Support Questions
Find answers, ask questions, and share your expertise
Announcements
Alert: Welcome to the Unified Cloudera Community. Former HCC members be sure to read and learn how to activate your account here.

How I can measure reponse time for a query execution using hive as example?

Highlighted

How I can measure reponse time for a query execution using hive as example?

New Contributor

I'm a beginner with HDP and I'm trying to measure the response time when query execution, Are there a build In matrices where I can see how good was the execution of my query?

I'm running my query using Hive View on the Ambari UI.

Thanks

5 REPLIES 5

Re: How I can measure reponse time for a query execution using hive as example?

Super Guru

@Mohammed Syam

1.Click on Tez View underneath Hive View button will display the execution time for job.

46426-tez-view.png

(or)

2.You can view all information about logs and computation time in Resource manager UI

1.Click on Yarn in Ambari UI
2.Go to Quick Links 
3.Click on Resource Manager UI

Search for your application ID then you can get all logs and execution times.

3.You can also get all logs from command line using below command

yarn logs -applicationId <Application ID>

https://docs.hortonworks.com/HDPDocuments/HDP2/HDP-2.6.2/bk_yarn-resource-management/content/ch_yarn...

If the Answer helped to resolve your issue, Click on Accept button below to accept the answer, That would be great help to Community users to find solution quickly for these kind of errors.

Re: How I can measure reponse time for a query execution using hive as example?

New Contributor

Thank you @Shu

So I am running a select statment as example but I can't see it in the TEZ view.

I can see only the insert statmtnet I perfoemed earlier, Am I missing something here?
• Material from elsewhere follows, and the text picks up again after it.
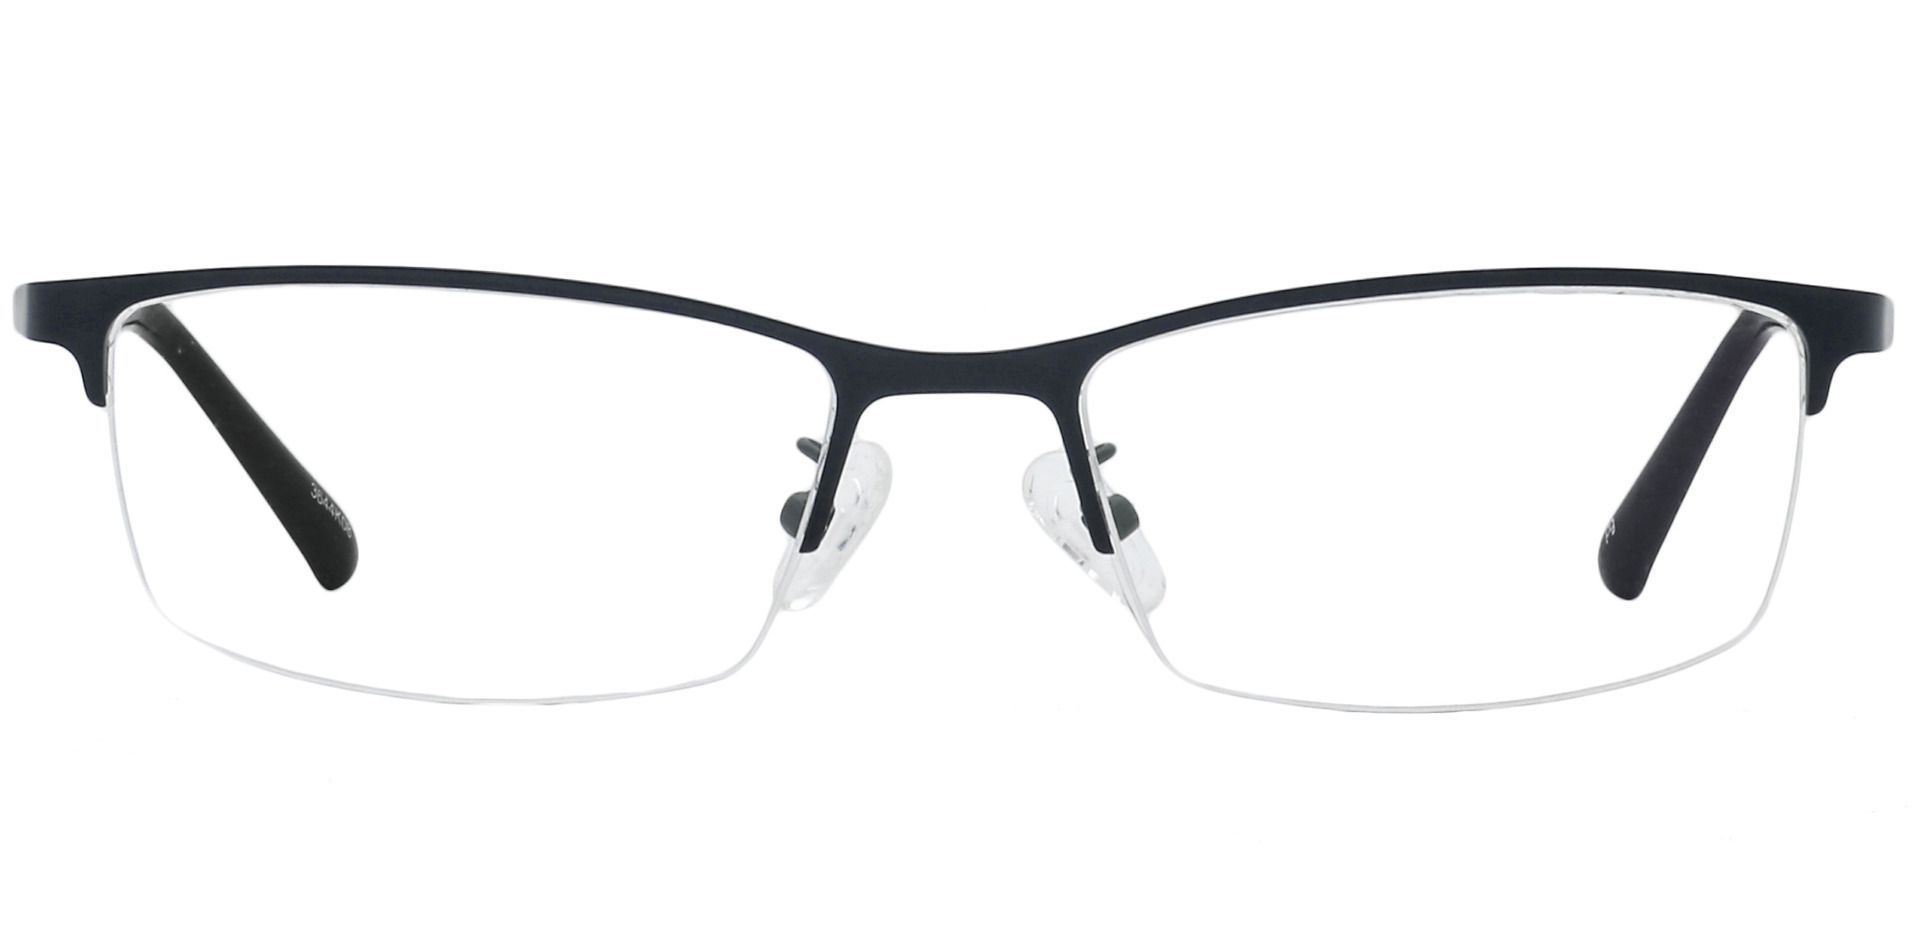 Parsley Rectangle Prescription Glasses - Black
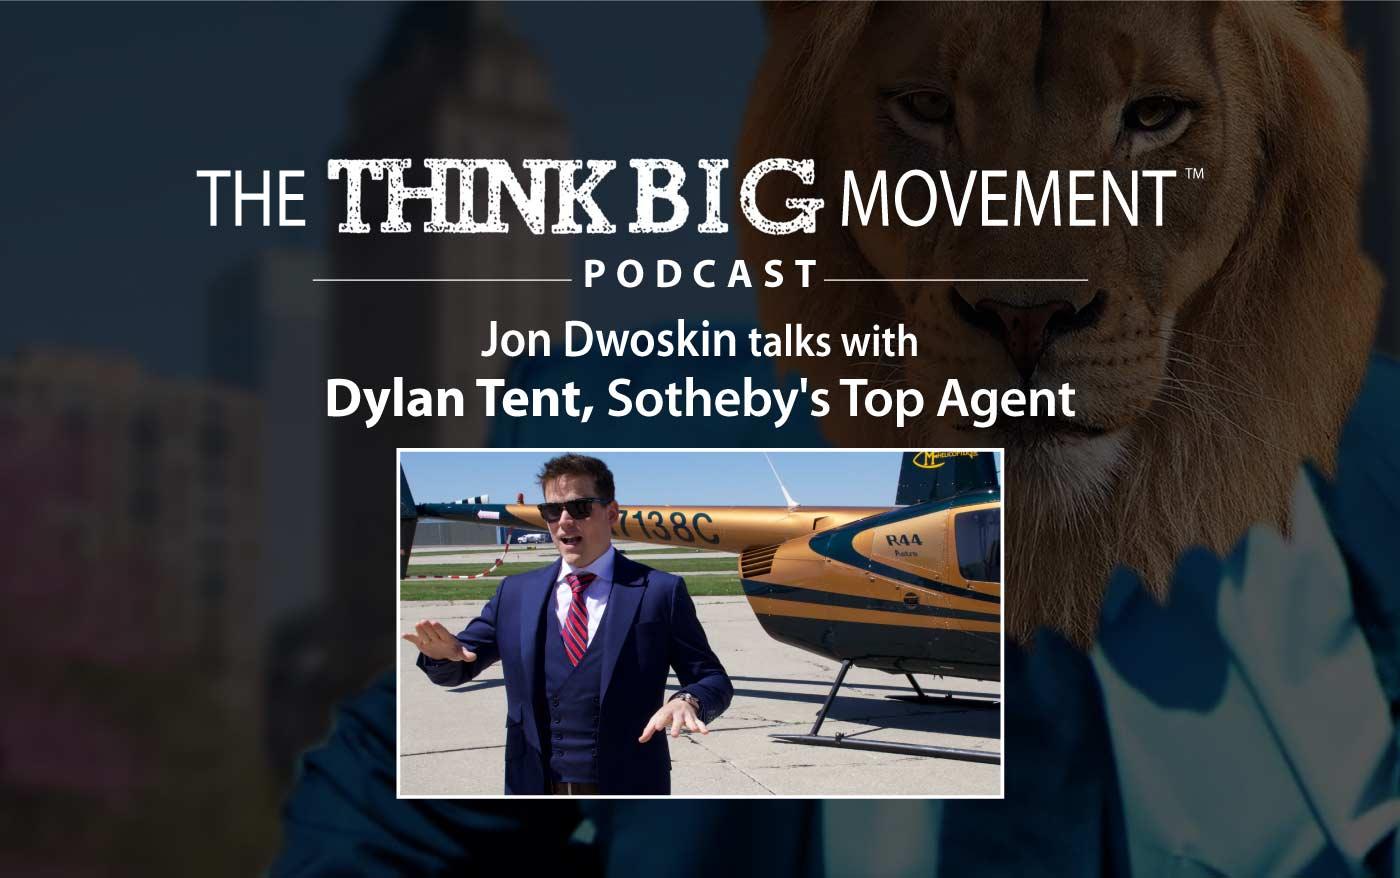 Think Big Movement Podcast - Jon Dwoskin Interviews Dylan Tent

Re: How I can measure reponse time for a query execution using hive as example?

Super Guru

@Mohammed Syam

Select statement is just selecting the data(schema on read) from the HDFS it doesn't perform any map reduce job underneath.

But when you do insert statement it will trigger an Map only job with an application id, when ever an application id is created that means for those jobs we can view from TEZ view (or) from Resource Manager.

Example:-

Insert a record into Table:-

I'm having a text_table with 5 columns in it.

I'm trying to insert a record into the table and an app id application_1508861912312_4126, so when i go to TEZ view (or) Resource Manager search for the applicationid and we can view the application, time taken to complete the application.

hive# insert into text_table values('2','2017-11-10','bar','09:00:00','2017-12-23 09:00:00.0');
INFO  : Tez session hasn't been created yet. Opening session
INFO  : Dag name: insert into text_table values...09:00:00.0')(Stage-1)
INFO  : Status: Running (Executing on YARN cluster with App id application_1508861912312_4126)
INFO  : Map 1: -/-
INFO  : Map 1: 0/1
INFO  : Map 1: 0(+1)/1
INFO  : Map 1: 1/1
INFO  : Loading data to table default.text_table from hdfs:/user/yashu/text_table/.hive-staging_hive_2017-12-23_12-31-19_205_322427679820504794-22055/-ext-10000
INFO  : Table default.text_table stats: [numFiles=4, numRows=4, totalSize=184, rawDataSize=180]
No rows affected (11.679 seconds)

Tezview log:-

46427-tez-view.png

Select from Table:-

when we run select statement there is no application id got created and this job status we cannot view either from tez view (or) resource manager

hive# select * from text_table;
+-----+-------------+-------+-----------+------------------------+--+
| id  |     dt      | name  |    ts     |          dtts          |
+-----+-------------+-------+-----------+------------------------+--+
| 1   | 2017-10-10  | hcc   | 12:00:00  | 2017-10-10 12:00:00.0  |
| 1   | 2017-10-11  | foo   | 12:00:00  | 2017-10-11 12:00:00.0  |
| 1   | 2017-10-12  | foo   | 12:00:00  | 2017-10-12 12:00:00.0  |
| 2   | 2017-11-10  | bar   | 09:00:00  | 2017-12-23 09:00:00.0  |
+-----+-------------+-------+-----------+------------------------+--+

Please refer to below link for more details

https://community.hortonworks.com/questions/141606/hive-queries-use-only-mappers-or-only-reducers.ht...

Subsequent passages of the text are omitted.